Revered saxophonist, flutist and composer Frank Wess is a longtime member of the Count Basie Orchestra, yet leads a nonet for the first time in his storied jazz career. Here, he imparts a largely, medium-tempo swing groove, featuring six original compositions and three standards. Nonetheless, the artist employs superior musicians, for this studio date, recorded in New York City.
Wess’ full-bodied tenor sax tone spawns a commanding presence. He makes his horn sing throughout these radiant and cheery works, abetted by layered horns and the frontline’s mood-evoking solo jaunts. The preponderance of these works are designed with zippy arrangements amid brisk soloing breakouts by Wess, trumpeter Terell Stafford, pianist Gerald Clayton and others. And while no one charts new ground, the program projects a classic swing vibe that is fitted with a modernist-type viewpoint.

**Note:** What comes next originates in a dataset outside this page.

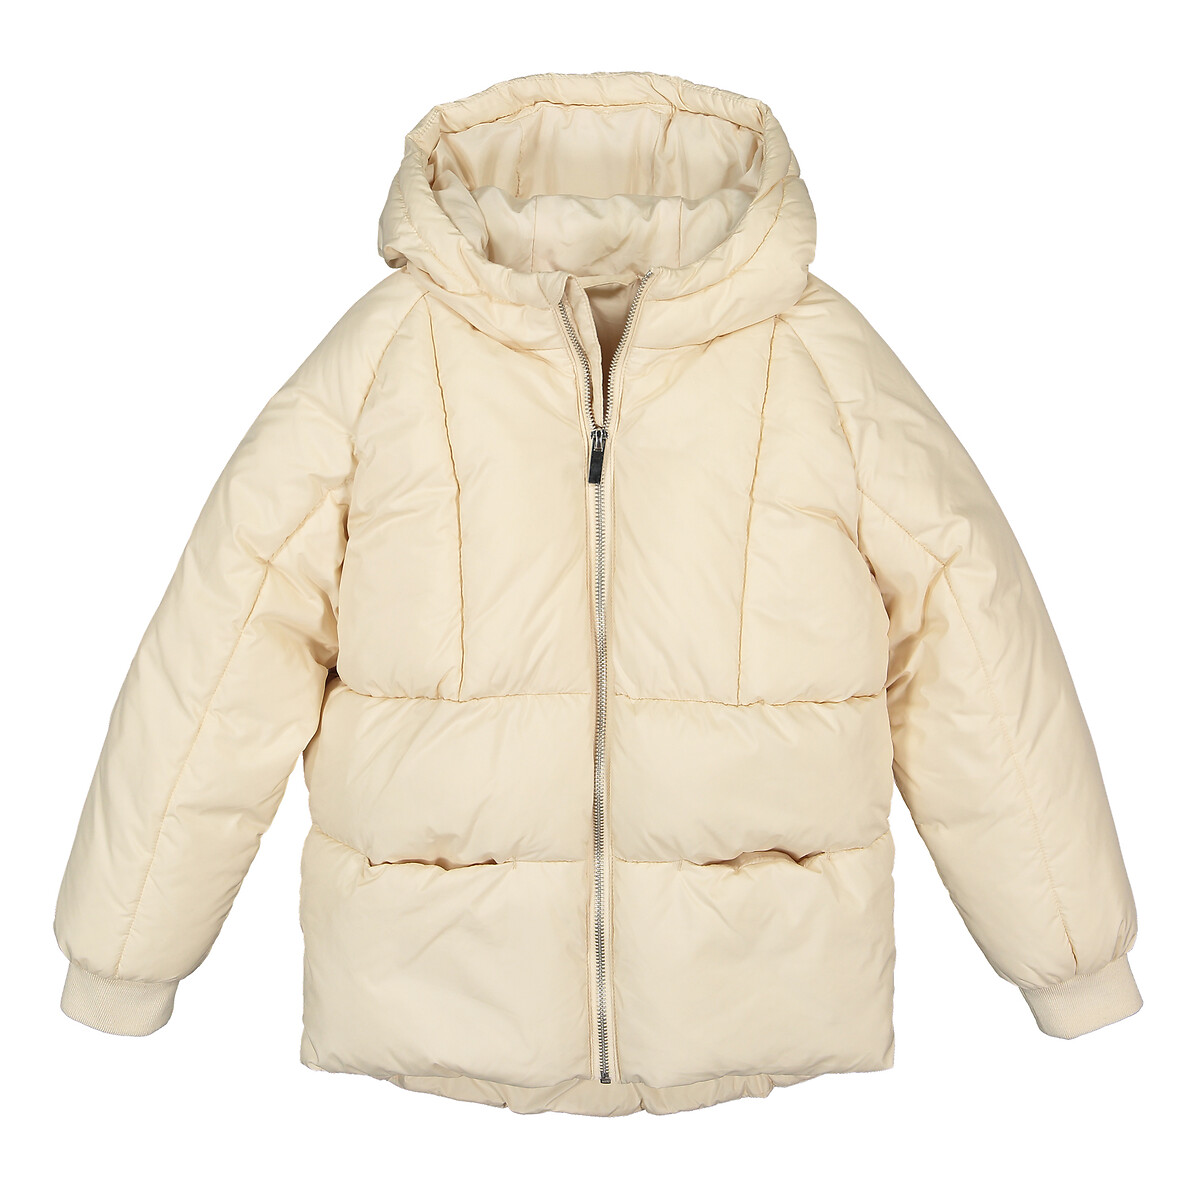 Куртка LaRedoute Стеганая с капюшоном теплая и пышная 3-14 лет 5 лет - 108 см бежевый, размер 5 лет - 108 см - фото 3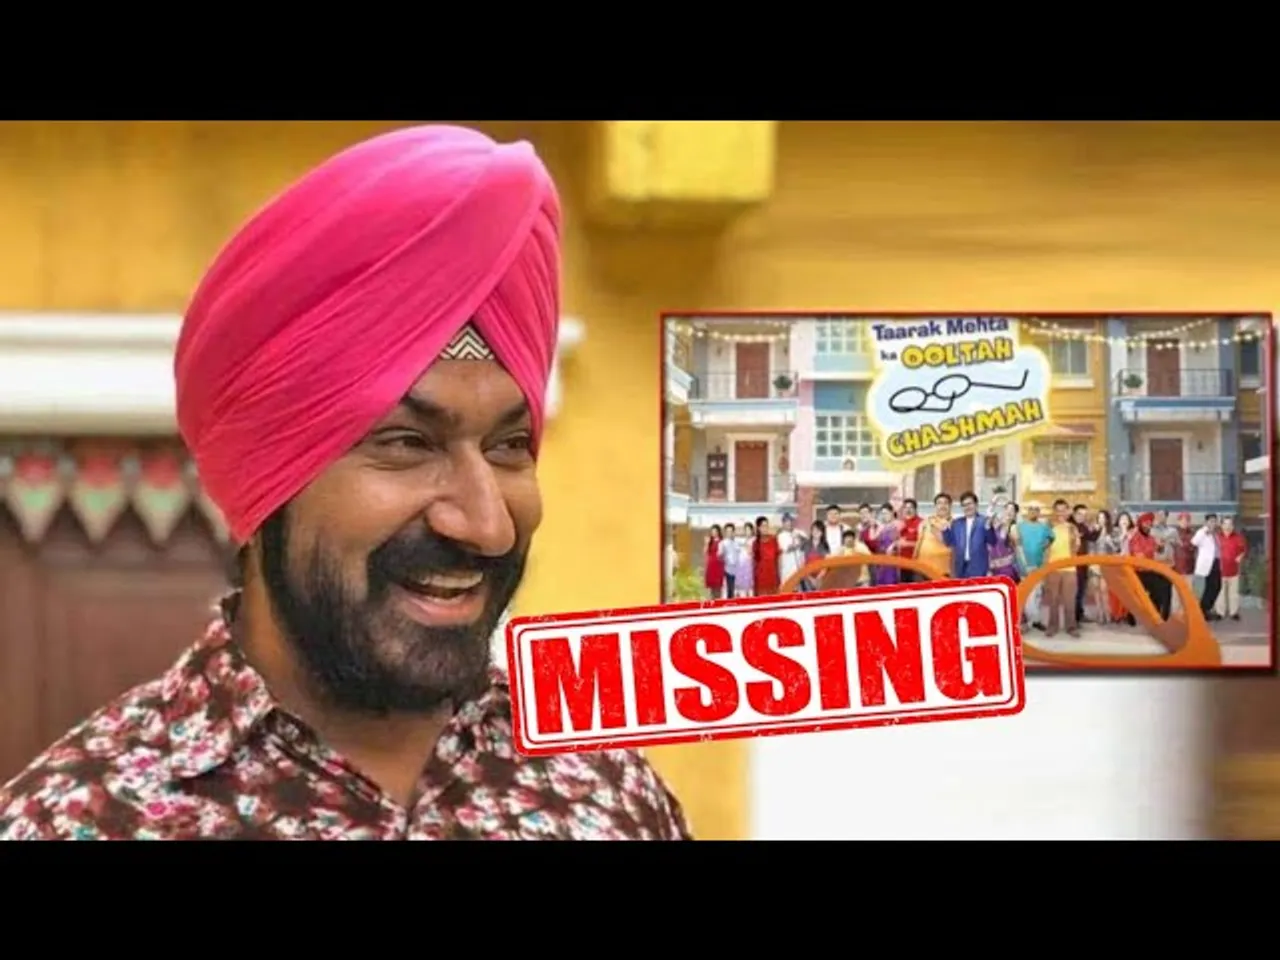 Gurucharan Singh Sodhi Goes Missing

Wess executes a deep ballad, flourishing with soul-drenched sentiment on his comp titled "Dementia, My Darling." And his flute work during "Sweet And Lovely," offers a counterpoint to the hornists’ buoyantly enacted question and answer style responses. Wess picks up the tempo on his piece "Backfire," then he lowers the heat during his solitary reading of Billy Strayhorn’s "Lush Life," where the nonet is pared down to piano trio support. Otherwise, he picks up the flute again with his blithe and relatively brief rendition of "Fly Me To The Moon (In Other Words)."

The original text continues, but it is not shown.